Because of a discrepancy between the ARMv7M Architecture and the ARM EABI, it is not safe to use normal C functions directly as interrupt handlers. The EABI requires the stack be 8-byte aligned, whereas ARMv7M only guarantees 4-byte alignment when calling an interrupt vector. This can cause subtle runtime failures, usually when 8-byte types are used.
Functions that are used directly as interrupt handlers should be
annotated with __attribute__((__interrupt__)).
This tells the compiler to
add special stack alignment code to the function prologue.
The ARM CS3 implementation treats all systems as address vector processors. On traditional ARM systems (everything except M profile devices) an exception causes the processor to jump to a fixed address.

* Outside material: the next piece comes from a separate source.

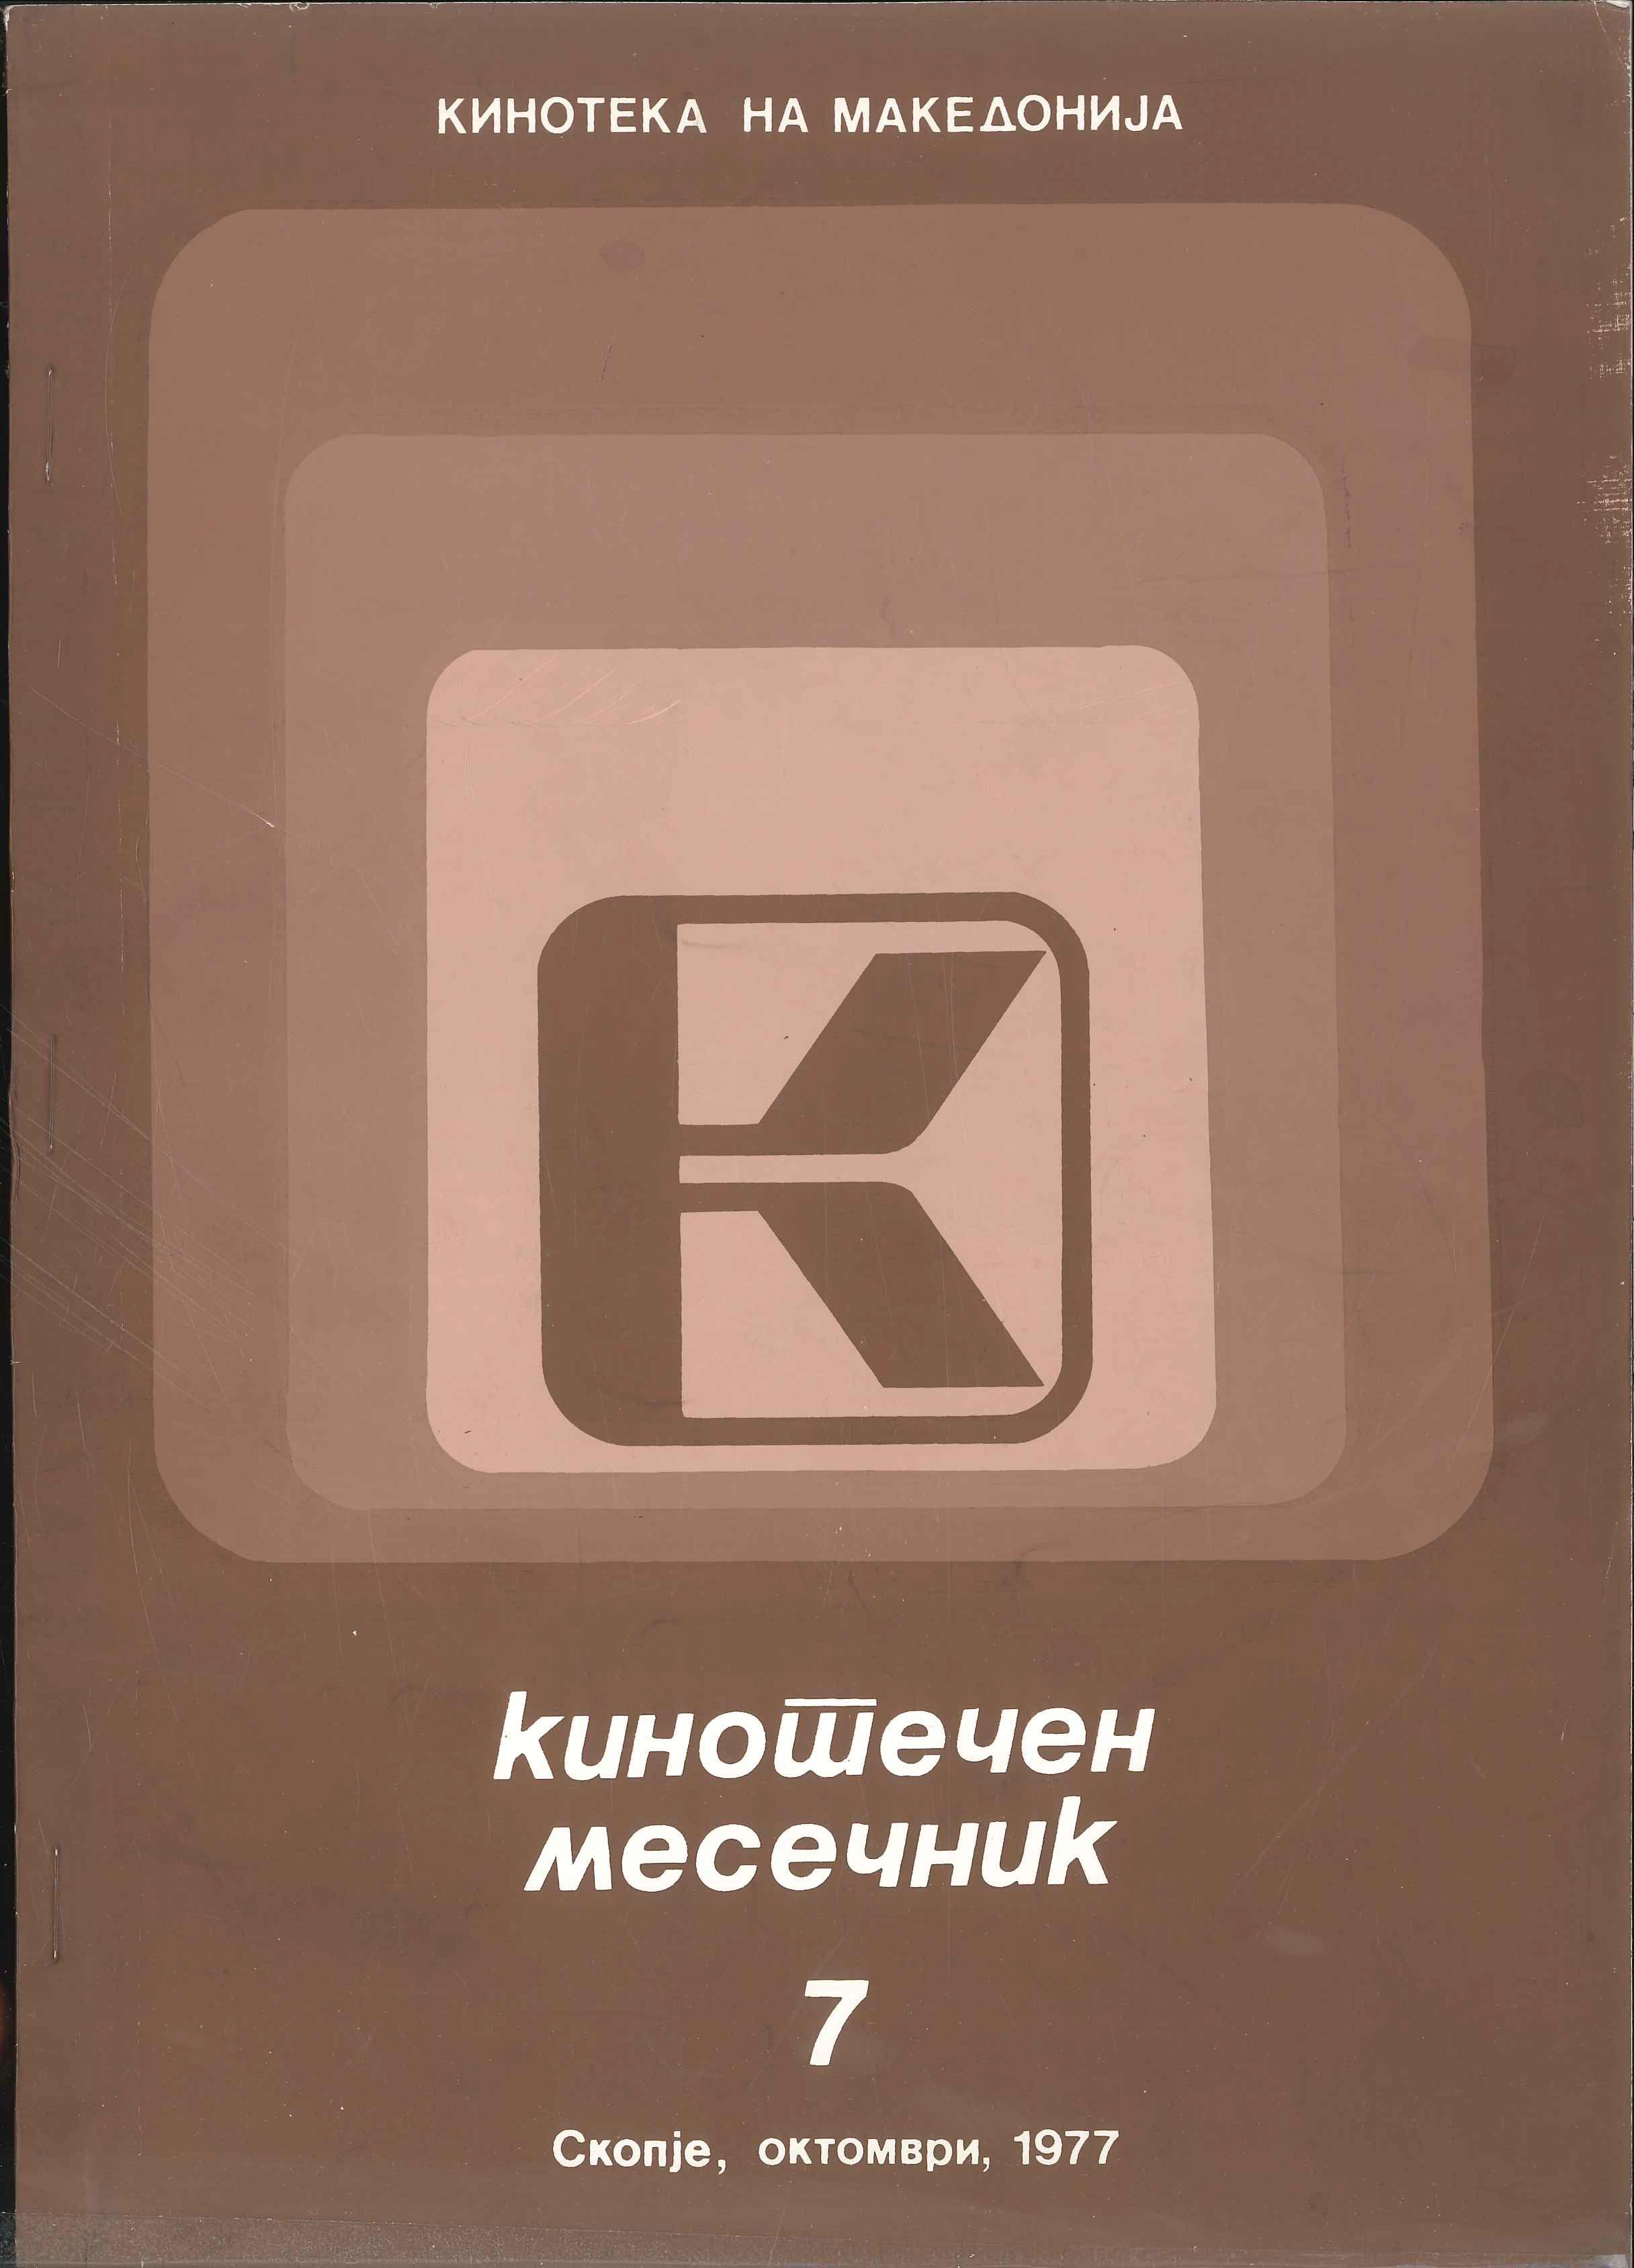 Кинотечен месечник бр. 7

However the arrangement of these addresses is such that the CS3 code vector model is not feasible.
The default CS3 vector table emulates an address vector system by placing an indirect branch at the real exception vector. If you override the entire vector table (rather than individual vectors) the indirect stubs are not included, and your replacement table is placed at address zero.
Sourcery G++ includes preliminary support for automatic generation of NEON SIMD vector code. Autovectorization is a compiler optimization where loops involving normal integer or floating-point code are transformed into loops that use NEON SIMD instruction to process several data elements at once.
To enable generation of NEON vector code specify
-ftree-vectorize -mfpu=neon -mfloat-abi=softfp.
-mfpu=neon also enables generations of VFPv3 scalar
floating-point code.
Sourcery G++ also includes preliminary support for manual generation
of NEON SIMD code using C intrinsic functions. These intrinsics,
the same as those supported by the ARM RVCT compiler, are defined
in the arm_neon.h header
and are documented in the 'ARM NEON Intrinsics' section of the GCC
manual. The options -mfpu=neon
-mfloat-abi=softfp must be specified to use these
intrinsics; -ftree-vectorize is not required.
NEON support is still under active development. It has not been subject to extensive testing, and may not yet take full advantage of all the features provided by the NEON architecture.